Linking religion to the state may indeed have transformed religion into the handmaiden of the state, as Prof. Yeshayahu Leibowitz has argued. But the opposite also occurred. Because Israeli citizenship is based on ethnicity, and because it is linked to religion, there is no clear separation in Israel between religion, ethnicity and the state. Nor is there a significant number of secular individuals, in the full sense of the word. Most of the Jews in Israel are positioned along the spectrum between a great number of rigid Orthodoxy and a few atheists. Along this broad spectrum there is a mixture, to varying degrees, of religious practice, mainly relating to rites of passage, belief in God, religiosity, family tradition, historical consciousness and myths. The binary perception of religion and religious people vs. secular people does not reflect Israeli reality properly.

Demographically and ideologically, the settlers’ movement is led and profoundly supported by orthodox communities. It is not by chance that the Israel Defence Forces and the security establishment highly valued by them and are at the centre of the new Judaism. They constitute principal organisations of control over the Palestinian territory and population, defending Jewish sovereignty.

Israeli society is militaristic; it confers on the army and the security organisations not only means and disproportionate material rewards, but also prestige and status. The army is also an instrument of socialisation and citizenship. Military service is considered an entry ticket to society and proof of good citizenship. People considered to be non-Jews, on the basis of halakha (religious law), who serve in the army are considered to have entered the Jewish state and undergone a sociological conversion to Judaism. Moreover, in the eyes of the general public, military service by Haredim is considered to be a condition for receiving full rights. For religious Zionism, military service is a precept, and every security-related activity has theological and messianic import.

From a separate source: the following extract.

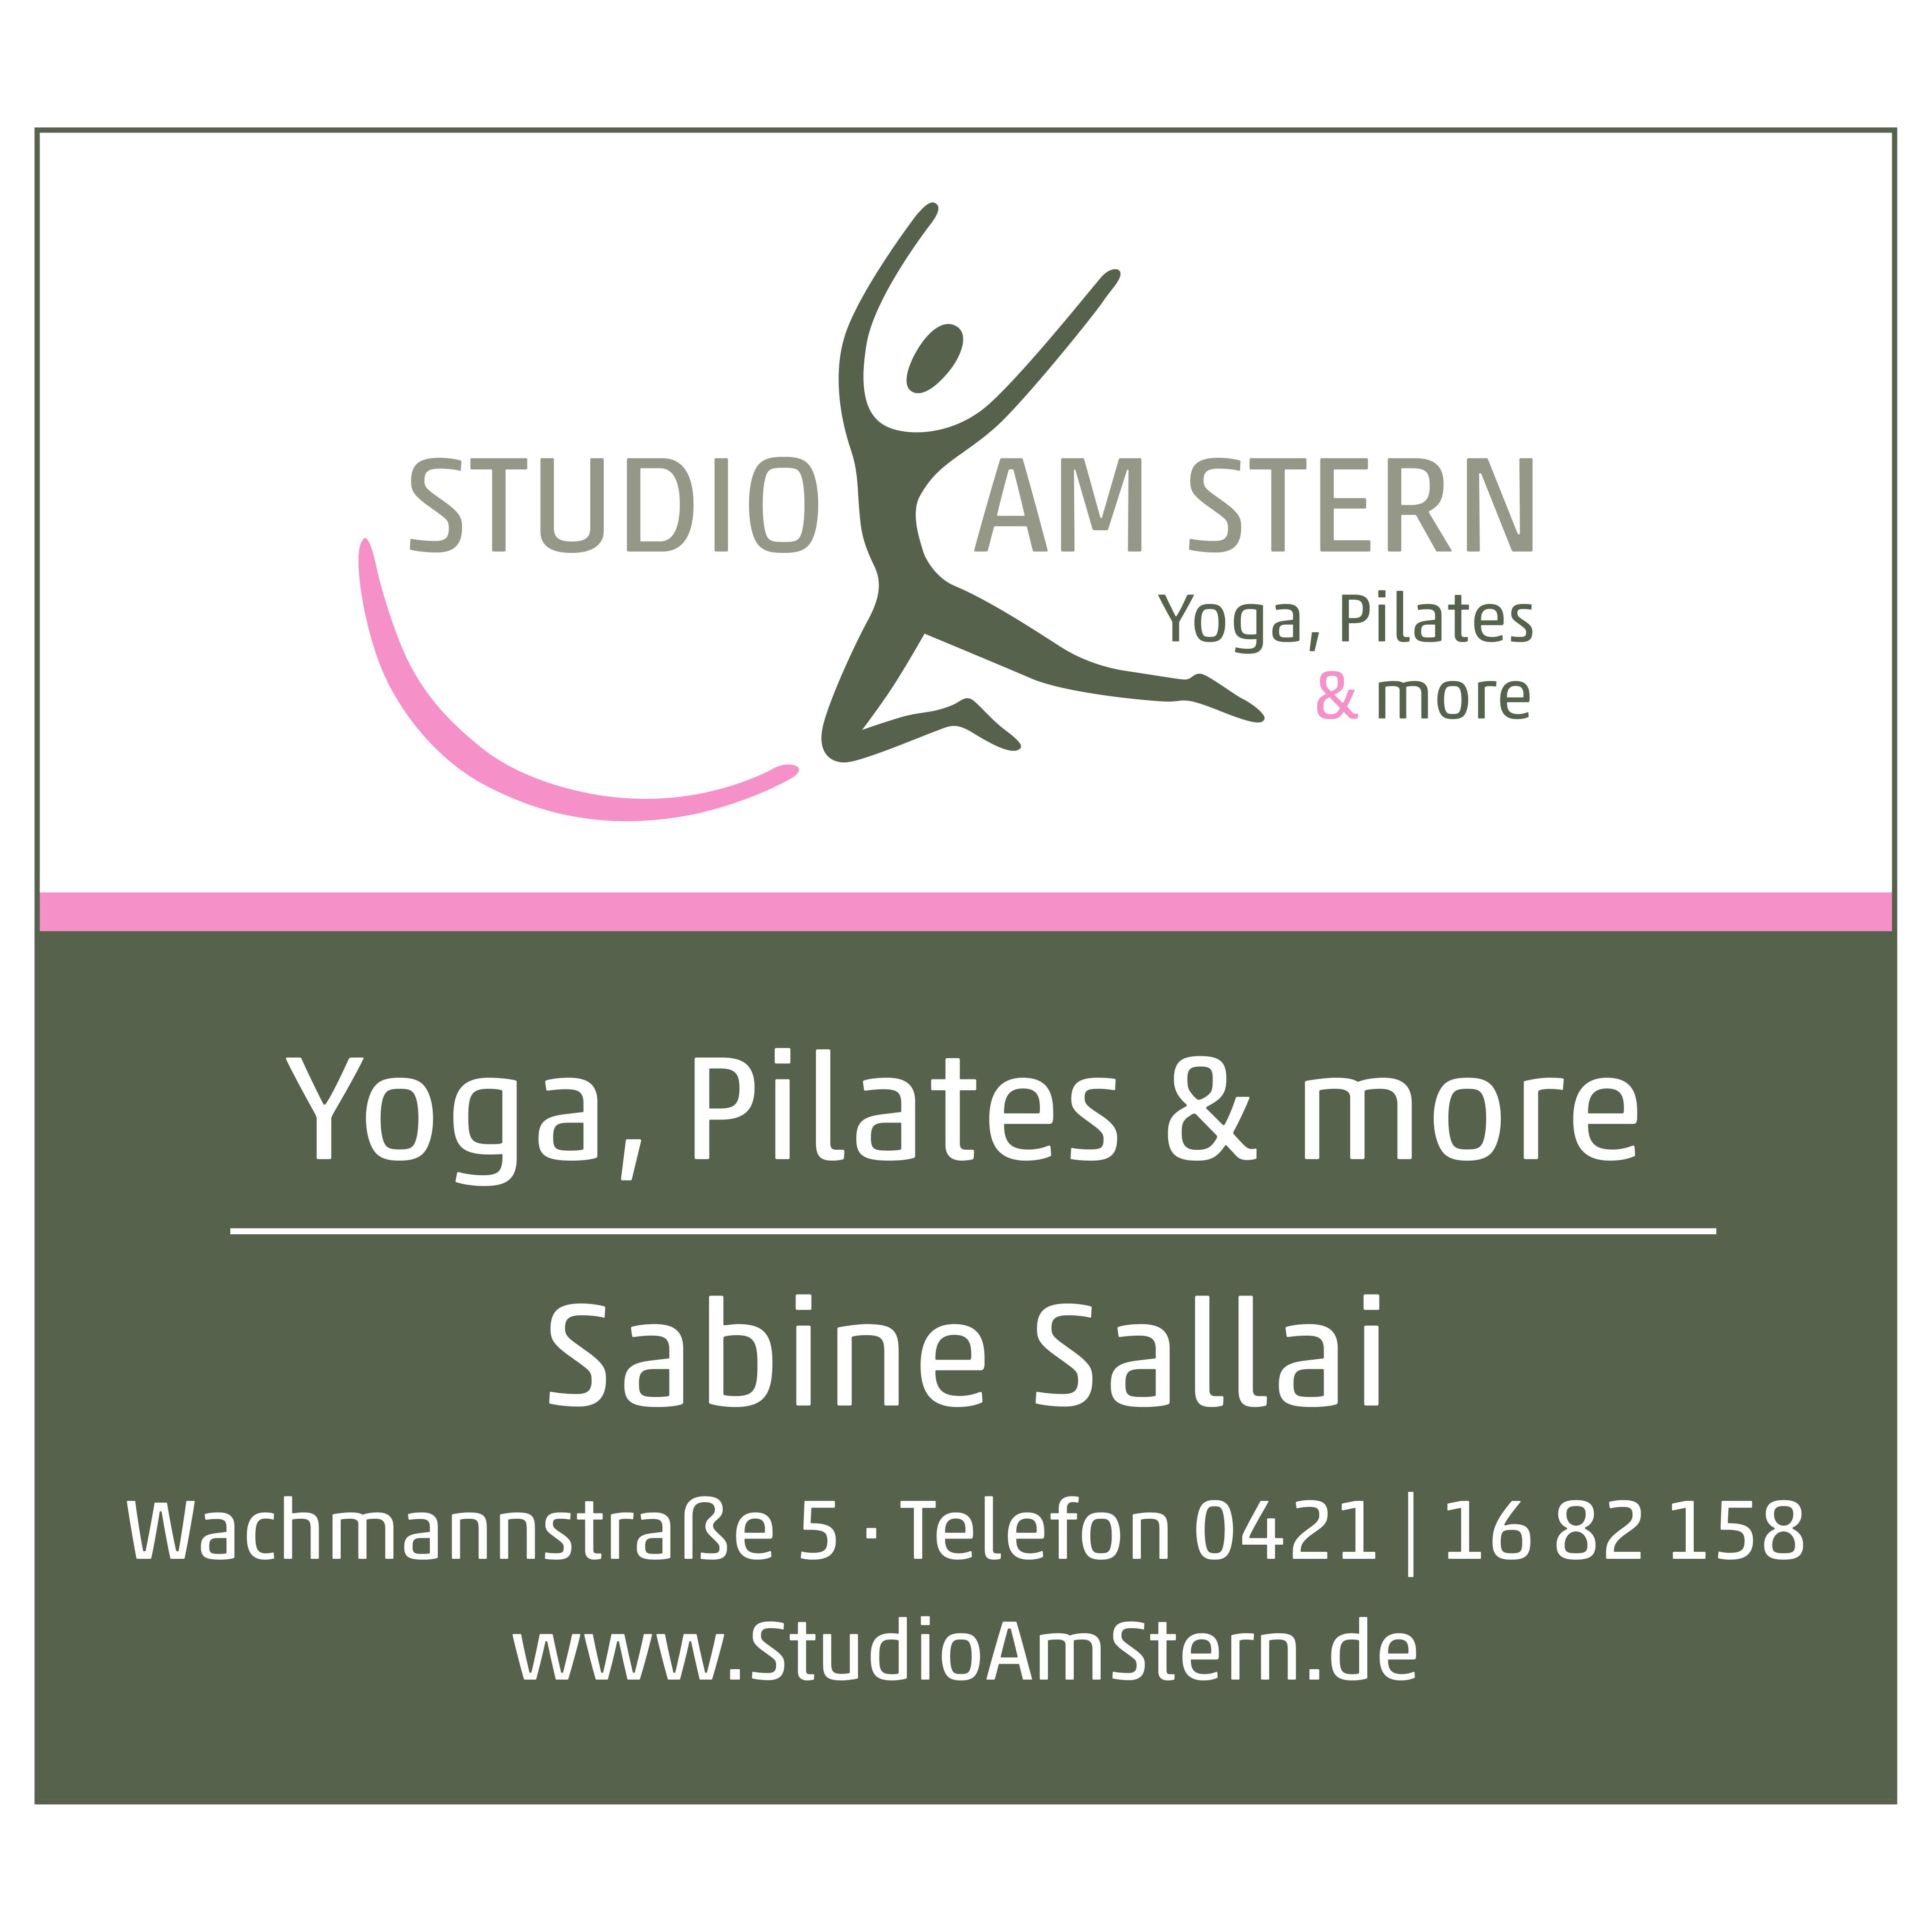 Studio am Stern; Yoga, Pilates and more

Its social structure support maintains high commitment to the belief-group. Religious populations of all kinds, from the extreme National-religious to the Ultra-orthodox to the mainstream national-religious is deeply communitarian. It is organised around synagogues, settlements, distinct neighbourhoods, youth movements and an education system controlled by religiously and nationalistically hardline ideologues. They consume sectarian, non-pluralistic media that heavily featurenationalist-religious preaching. Those in the community who feel uncomfortable with such an ideology, and try to consider what is beyond, are subjected to intense social pressure. In practice, they often remain in the community’s ranks despite their reservations.  The old order’s advocates are far more individualistic than community-oriented and spend most of their time with their inner circles of the nuclear family, close friends and co-workers. Their most defined imagined community is the military unit in which they served; after that, there are organisations based on residency location, profession and higher education.[7]

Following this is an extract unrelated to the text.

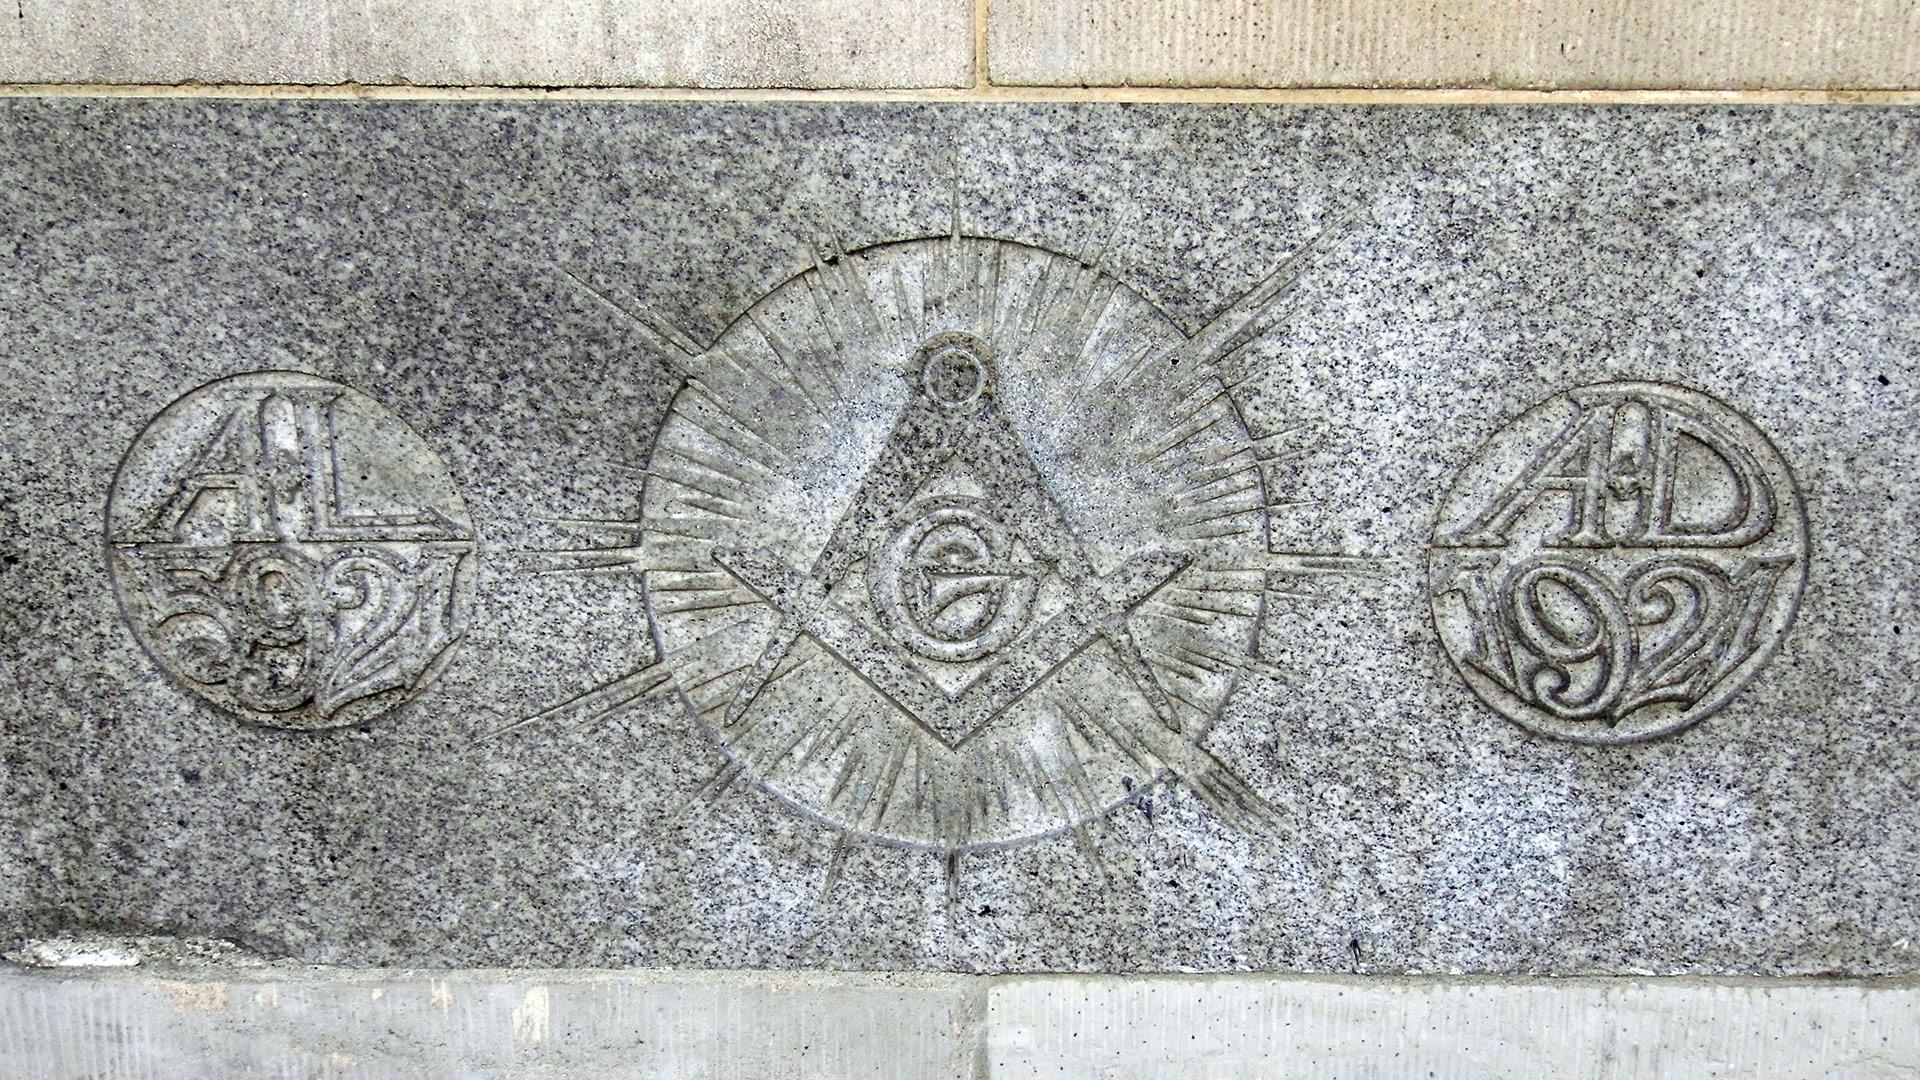 Masonic symbolism on the exterior of the Hollywood Masonic Temple. | Sandi Hemmerlein

Jewish ideas of supremacy challenged

Since its epic victory in the 1967 war, Jewish supremacy has been challenged by its neighbours. In the 1973 war, Arab states significantly decreased Israel’s power as did the PLO-led popular uprising of 1987 and Hamas’s barbaric attack in 2023.

The Labour Party members that led Israel until 1977 built Jewish supremacy on two layers. Influenced by Jewish emancipatory philosophy, the political elite that was born and raised up in the diaspora defined it as global moral mission. Israel should become the model nation state in its moral standards. Below that, there were young military experts, many of whom born and educated in Mandatory Palestine, who translated Jewish supremacy into a military might that guaranteed the state the upper hand in any armed conflict.

Egypt and Syria’s gains in the 1973 war brought about elite change. Under Begin, the Likud perspective on Jewish supremacy was ethno-nationalistic and romantic. Only the Jewish nation would have the right to exercise collective sovereignty over the historic Land of Israel/Palestine. Begin agreed to return Sinai to Egypt when he learned that Sadat was neither going to demand Palestinian independence in the West Bank and Gaza Strip nor to withdraw Israeli annexation of East Jerusalem or stop settlement expansion.

The Intifada of 1987 brought the Labour Party back to power and, ultimately, forced it to recognise the PLO. Rabin, who was one of the security experts in previous Labour administrations, redefined Jewish supremacy and introduced it to the Oslo peace process. Accordingly, the Jewish state enforced confines on the PLO territory and sovereignty over that.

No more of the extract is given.